In an interview with Italy’s Il Sole 24 Ore over the weekend, Draghi said his years in office so far have “certainly have been eventful and marked by profound changes to the structure of monetary policy.” He also called the euro area’s situation over that period “extraordinary.”

Draghi’s overriding concern so far has been to protect the 19-nation bloc from a Japan-style protracted period of stagnating or falling prices and declining growth potential.

Yet despite record-low interest rates, long-term loans to banks and a 1.1 trillion-euro ($1.2 trillion) asset-purchase plan, he hasn’t succeeded in returning inflation to the goal. Now, faced with a fragile recovery at risk from weaker global trade, a euro that may be too strong for the economy and the risk of a slump in energy prices, he’s holding out the prospect of another round of monetary easing in December.

That’s when new forecasts will show whether the inflation goal is receding still further. The ECB predicted in September that euro-area inflation would accelerate to 1.7 percent in 2017. The rate was zero in October.

Deflationary Risks

“He should have been more outspoken about the deflationary risk; he downplayed this possibility for too long,” said Guntram Wolff, director of the Brussels-based Bruegel research group. “Communication is an important part of what a central banker has to do.”

Draghi proved to be a master of signaling to financial markets when bond yields spiraled during the sovereign-debt crisis and threatened to rip the euro area apart. His pledge in July 2012 to do “whatever it takes” to keep the single currency together will probably enter history books as “the three most successful words in central-banking history,” according to International Monetary Fund Managing Director Christine Lagarde.

“When it’s an overt crisis and decisions need to be made quickly, and when the political situation is extremely fraught, there are a only a few people who have the skills and the courage to navigate those waters,” said Adam Posen, president of the Peterson Institute for International Economics in Washington and a former Bank of England policy maker. “It’s a good thing and to his credit that the drama is reduced.”

Greek Crisis

One risk ahead is Greece. After the biggest debt restructuring in history in 2012 only provided short relief, the country won a third bailout package in August and is inching toward a lasting future in the monetary union. Yet the crisis could flare up again amid tight deadlines on spending cuts, pension and tax changes and negotiations on a long-term debt strategy.

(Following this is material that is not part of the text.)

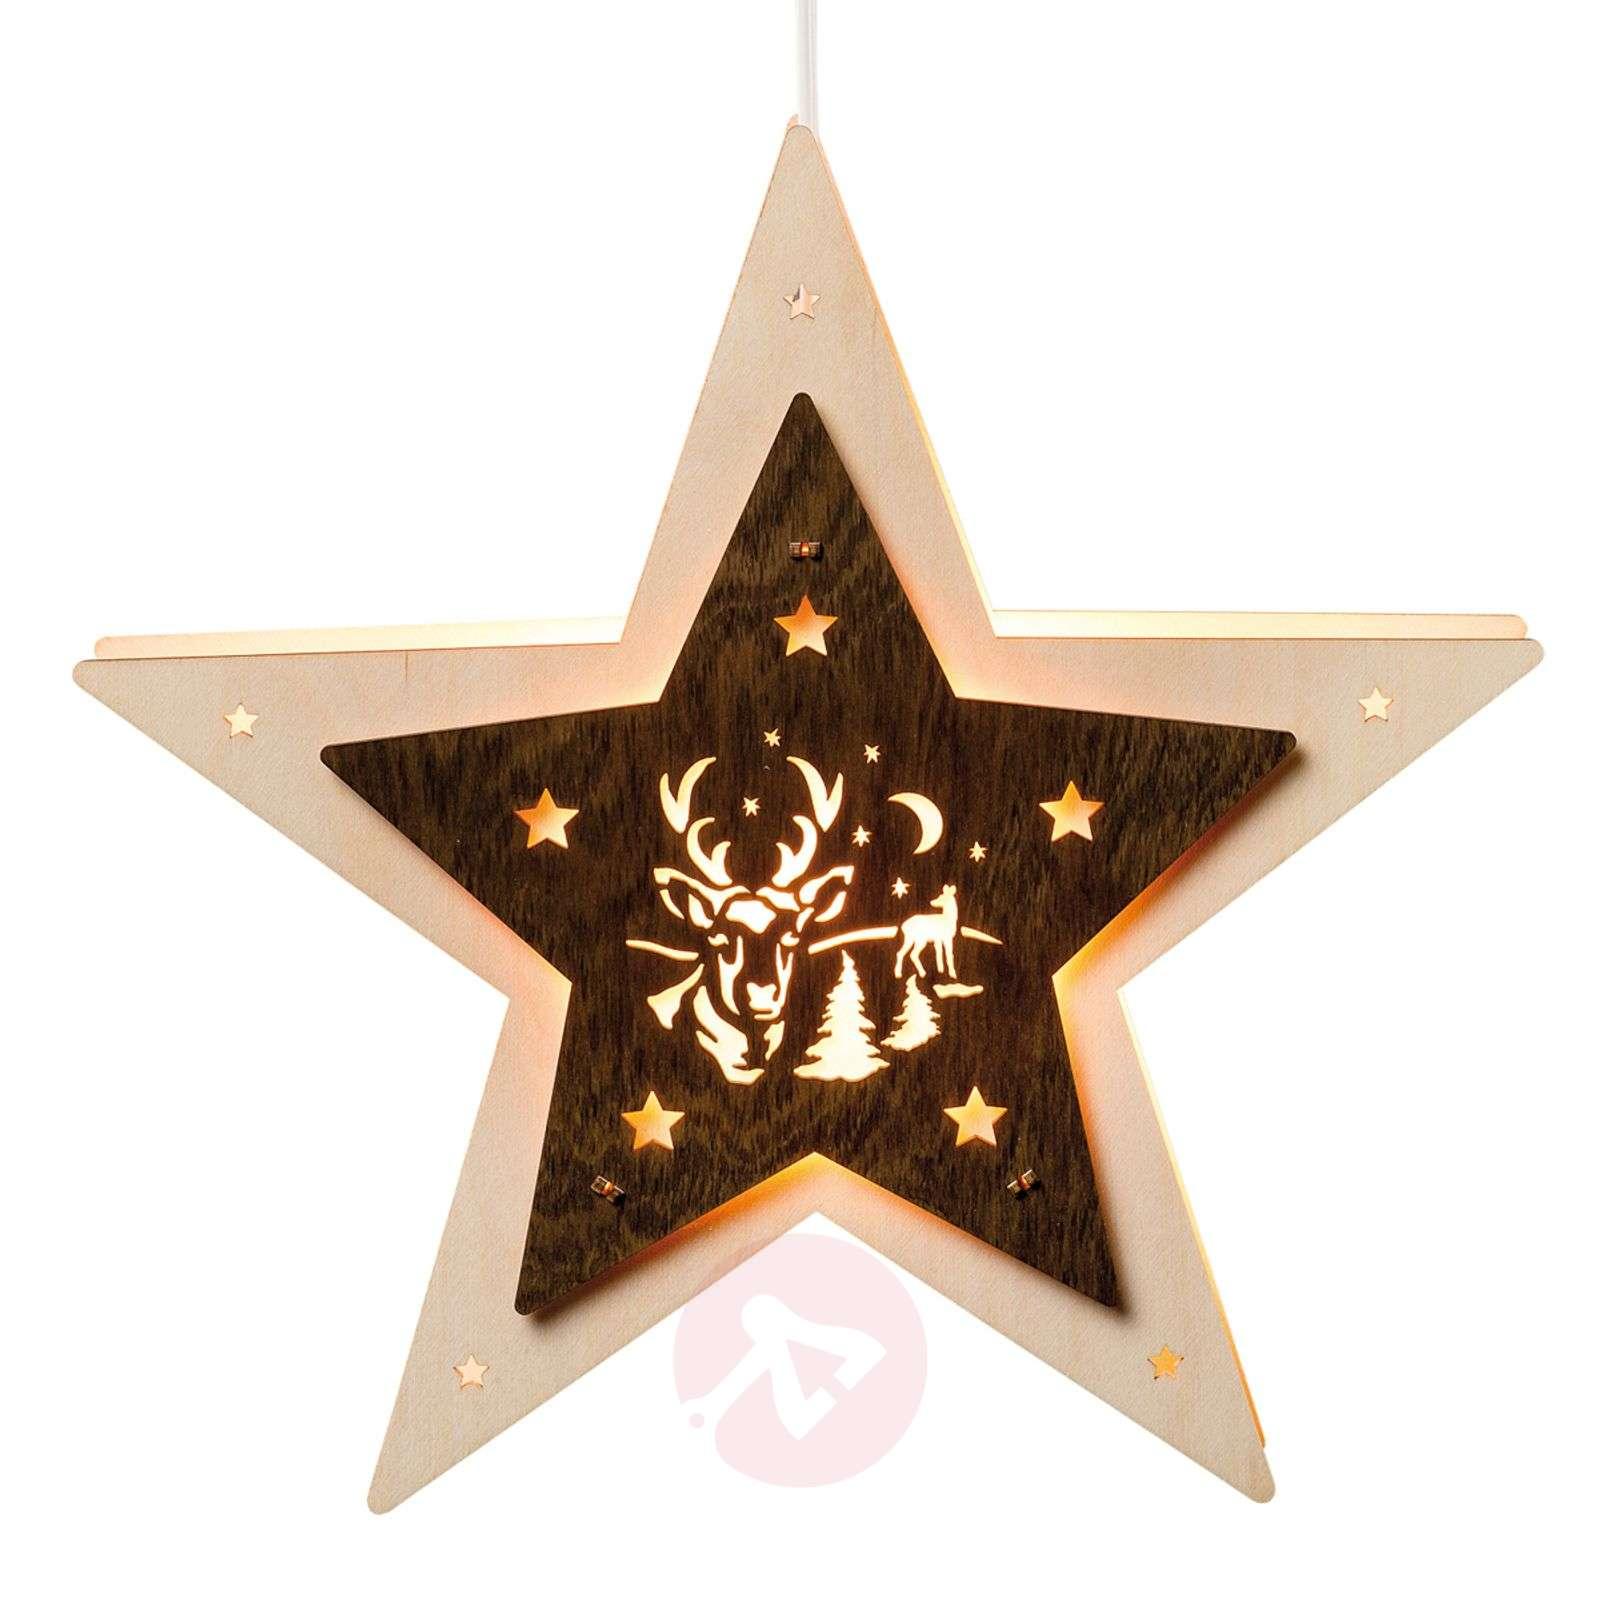 With LED lighting star window light-8501117-01

Winning German Chancellor Angela Merkel’s support for his policies to protect the euro and stabilize the economy hasn’t shielded Draghi from skepticism and hostility toward his actions in the region’s largest and most populous economy.

“Draghi and his work must be questioned,” said Hans Michelbach, a Merkel ally from the Christian Social Union and a senior member of the German Parliament’s finance committee. “Through his loose monetary policy, his flooding of the markets and his many bond purchases in particular, he has of course caused a considerable loss of confidence.”

Draghi argues that at least part of his activist approach is rooted in member states’ failure to do their part. With a remit that has grown to include banking supervision, and with few visible options left to deliver on his mandate, he’s now calling on governments to deliver structural reforms.

“Other central bankers may resist pressures by hiding behind dogmas,” said former Italian Prime Minister Mario Monti. “Mario Draghi does not need to do so, thus he keeps his powder dry and uses it when some departure from dogma is required by the situation.”